Multimodal

The Multimodal capability extends Addis-፩-አሌፍ beyond text. You can upload Images and Audio files alongside your prompts to perform complex reasoning tasks.

Vision: Visual Q&A, Scene Description, and Object Detection.
Audio Analysis: Summarize voice notes, analyze sentiment, or extract action items from meetings (distinct from simple transcription).
OCR: Extract text from scanned Ethiopian documents.

Endpoint

POSThttps://api.addisassistant.com/api/v1/chat_generate

Important: Data Format

Unlike standard text generation, this request must be sent as multipart/form-data.

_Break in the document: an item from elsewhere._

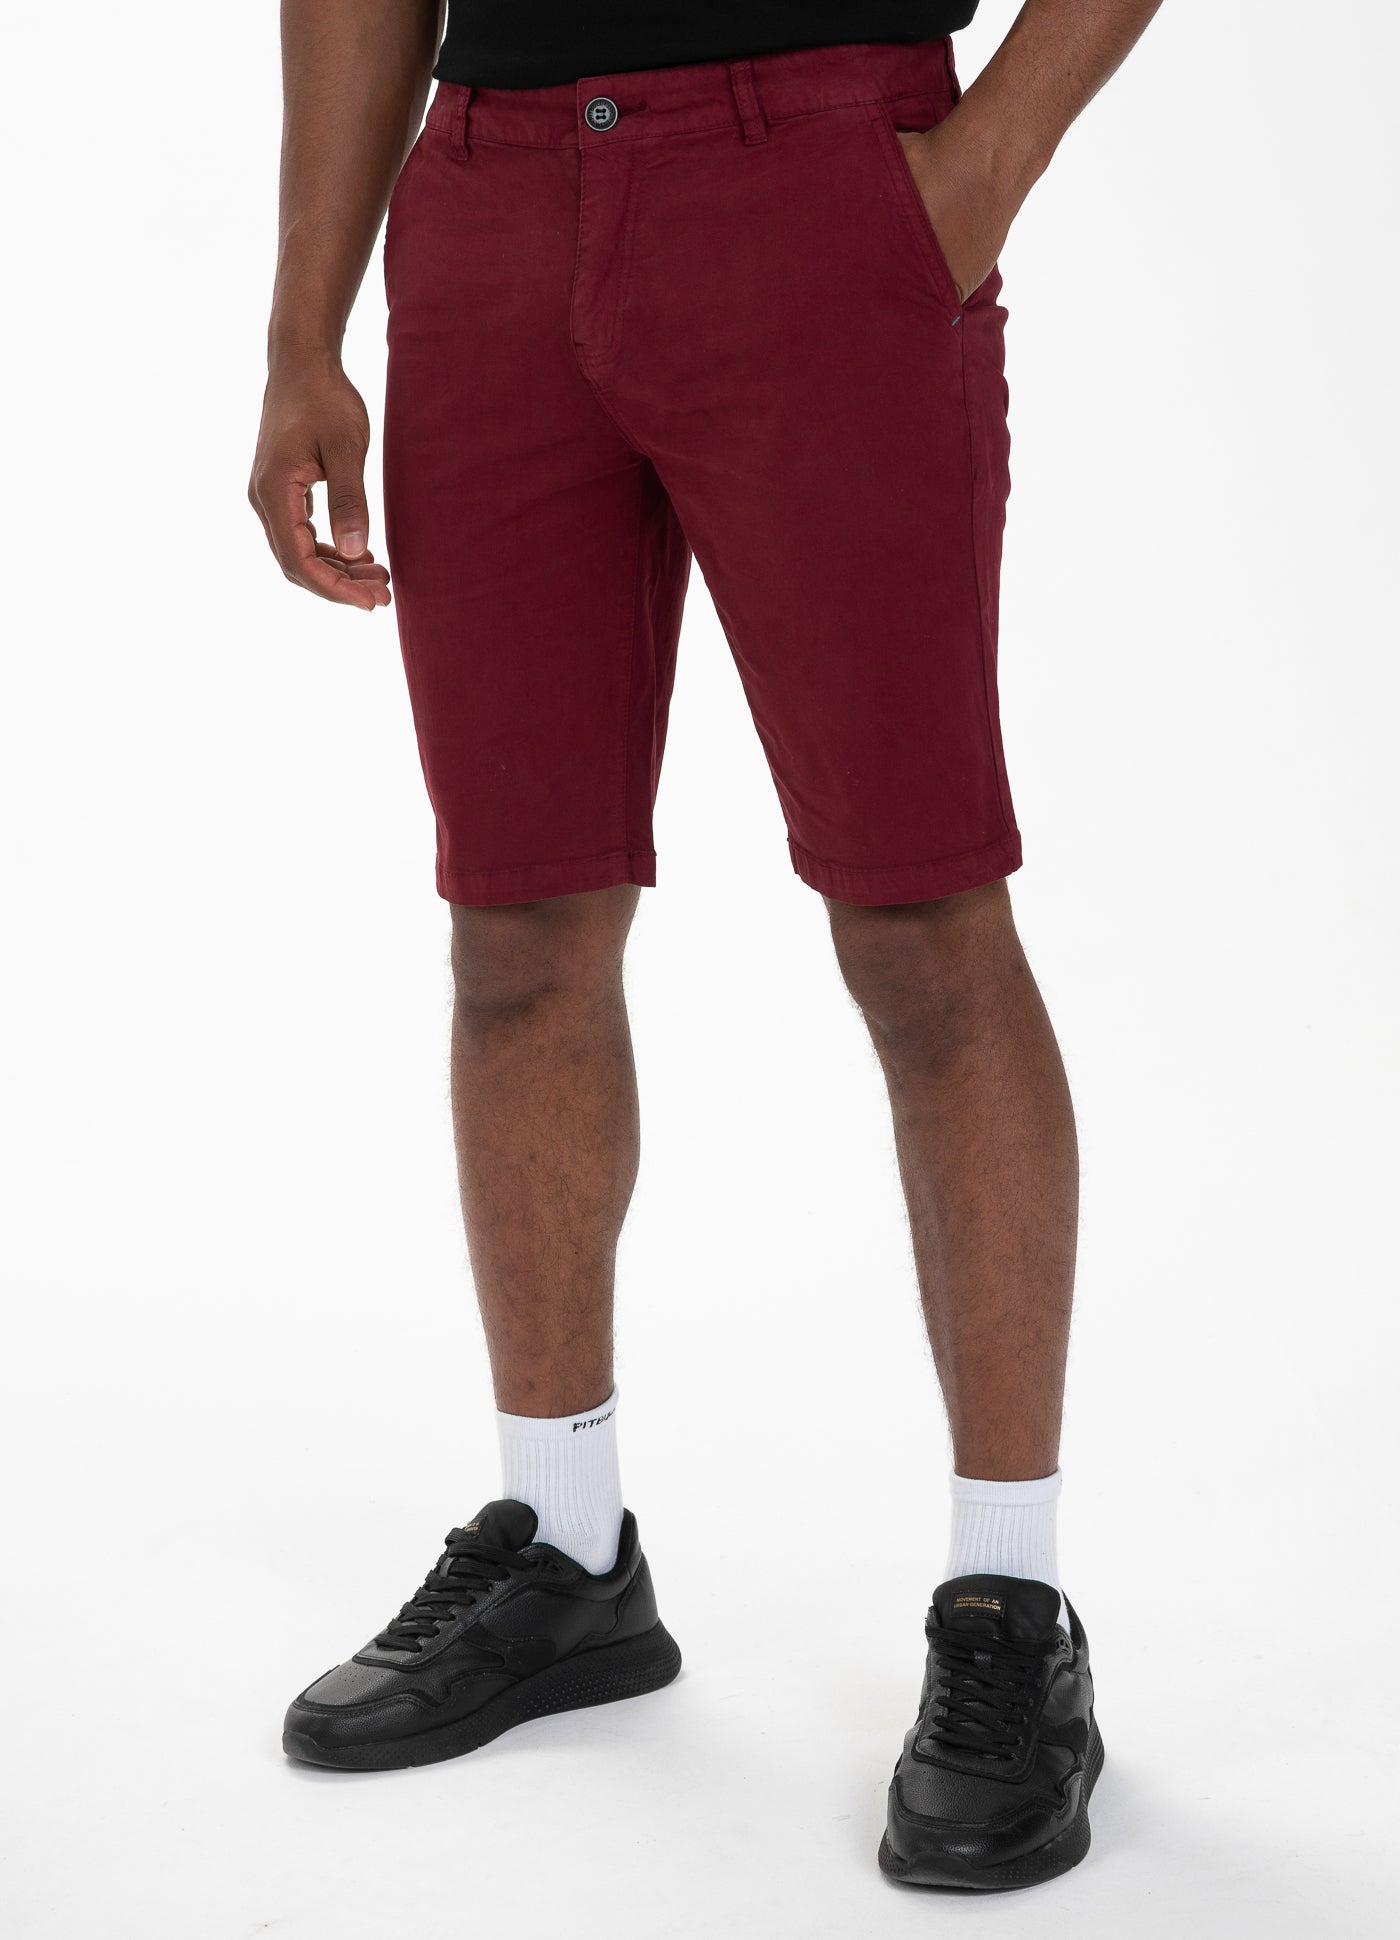 Vermel Burgundy Shorts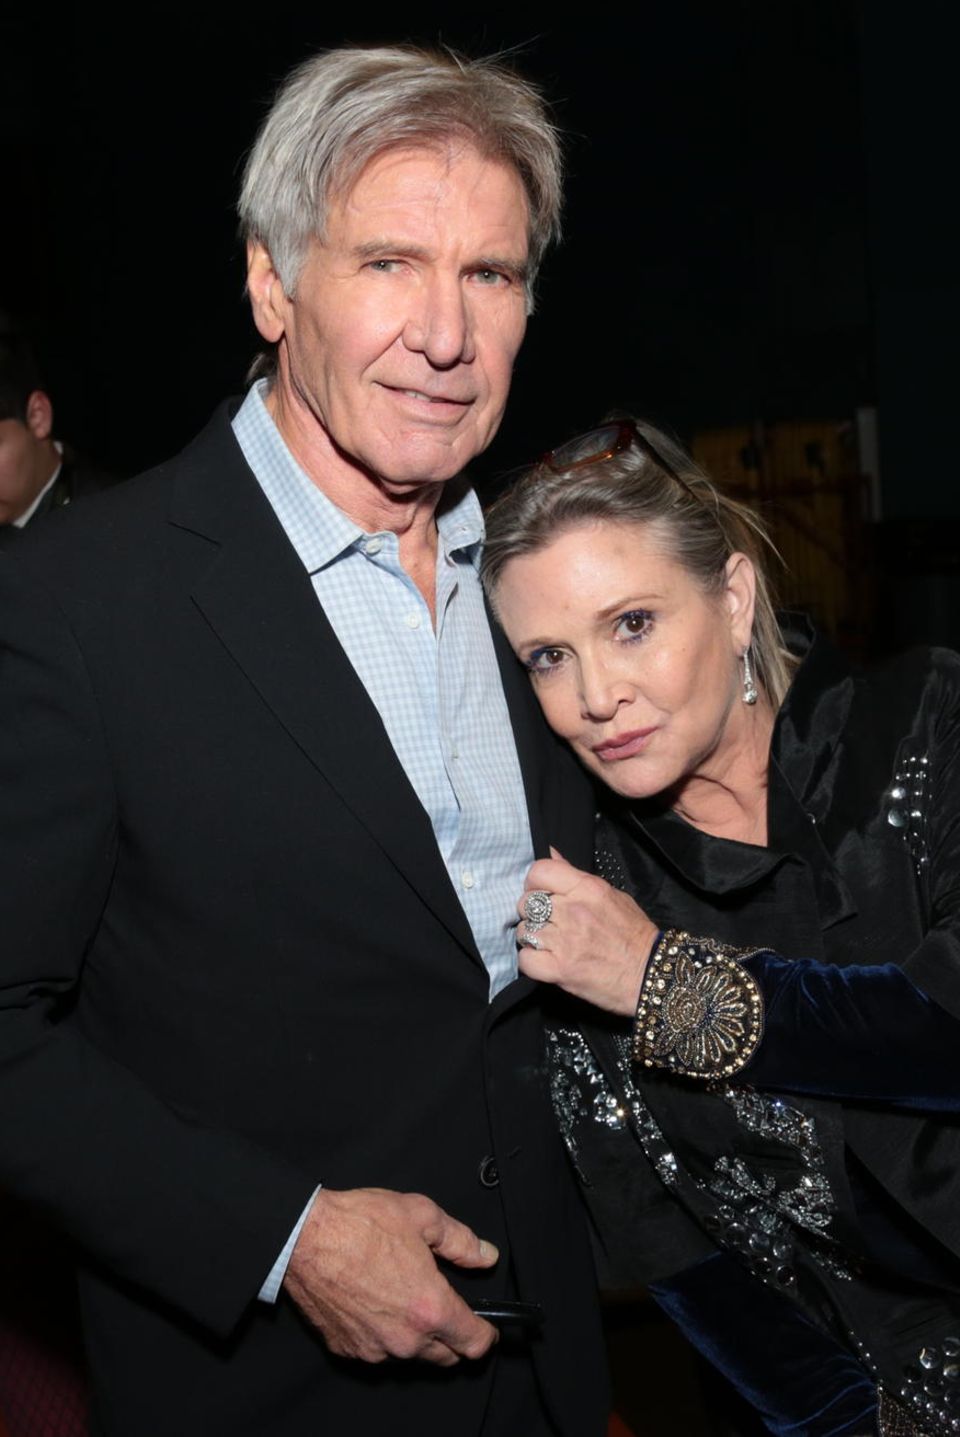 Harrison Ford und Carrie Fisher (†), die Stars aus der "Krieg der Sterne"-Reihe, kamen sich in den 1970ern während Dreharbeiten näher

The configuration (prompt, model, parameters) must be passed as a stringified JSON object in a field named request_data.

Usage Guide

Chat with Images (Vision)

Upload an image and ask questions about it. Ideal for explaining diagrams, identifying objects, or analyzing screenshots.

curl --location 'https://api.addisassistant.com/api/v1/chat_generate' \
  --header 'X-API-Key: sk_YOUR_KEY' \
  --form 'image=@"/path/to/photo.jpg"' \
  --form 'request_data="{ \"prompt\": \"ይህ ምስል ምን ያሳያል?\", \"target_language\": \"am\" }"'

// Example: Analyze an image
const API_KEY = "sk_YOUR_KEY";

async function analyzeImage() {
  const formData = new FormData();
  const fileInput = document.querySelector('input[type="file"]'); // Assuming an input element

  if (!fileInput.files[0]) return;

  // 1. Attach the image file
  formData.append("image", fileInput.files[0]);

  // 2. Attach configuration as a JSON string
  // Note: We use the same parameters as the text endpoint, wrapped in 'request_data'
  formData.append("request_data", JSON.stringify({
    prompt: "ይህ ምስል ምን ያሳያል? በዝርዝር አስረዳኝ።", // "What does this image show? Explain in detail."
    target_language: "am",
    generation_config: {
        temperature: 0.5
    }
  }));

  try {
    const response = await fetch("https://api.addisassistant.com/api/v1/chat_generate", {
      method: "POST",
      headers: {
        "X-API-Key": API_KEY
        // Do NOT set Content-Type header here. The browser sets it automatically with the boundary.
      },
      body: formData
    });

    const data = await response.json();
    console.log("Analysis:", data.response_text);
  } catch (error) {
    console.error("Error:", error);
  }
}

import requests
import json

def analyze_image():
    url = "https://api.addisassistant.com/api/v1/chat_generate"
    headers = {"X-API-Key": "sk_YOUR_KEY"}

    # 1. Prepare Metadata
    metadata = {
        "prompt": "ይህ ምስል ምን ያሳያል? በዝርዝር አስረዳኝ።", 
        "target_language": "am",
        "generation_config": {
            "temperature": 0.5
        }
    }

    # 2. Prepare Files
    # 'image' key maps to the file binary
    files = [
        ('image', ('photo.jpg', open('photo.jpg', 'rb'), 'image/jpeg'))
    ]

    # 3. Send Request
    # Note: metadata is passed as a JSON string in 'request_data'
    response = requests.post(
        url, 
        headers=headers, 
        data={'request_data': json.dumps(metadata)}, 
        files=files
    )
    
    print("Response:", response.json()['response_text'])

analyze_image()

Chat with Audio

Upload an audio file (e.g., a voice note or meeting recording) and ask the model to perform reasoning on it.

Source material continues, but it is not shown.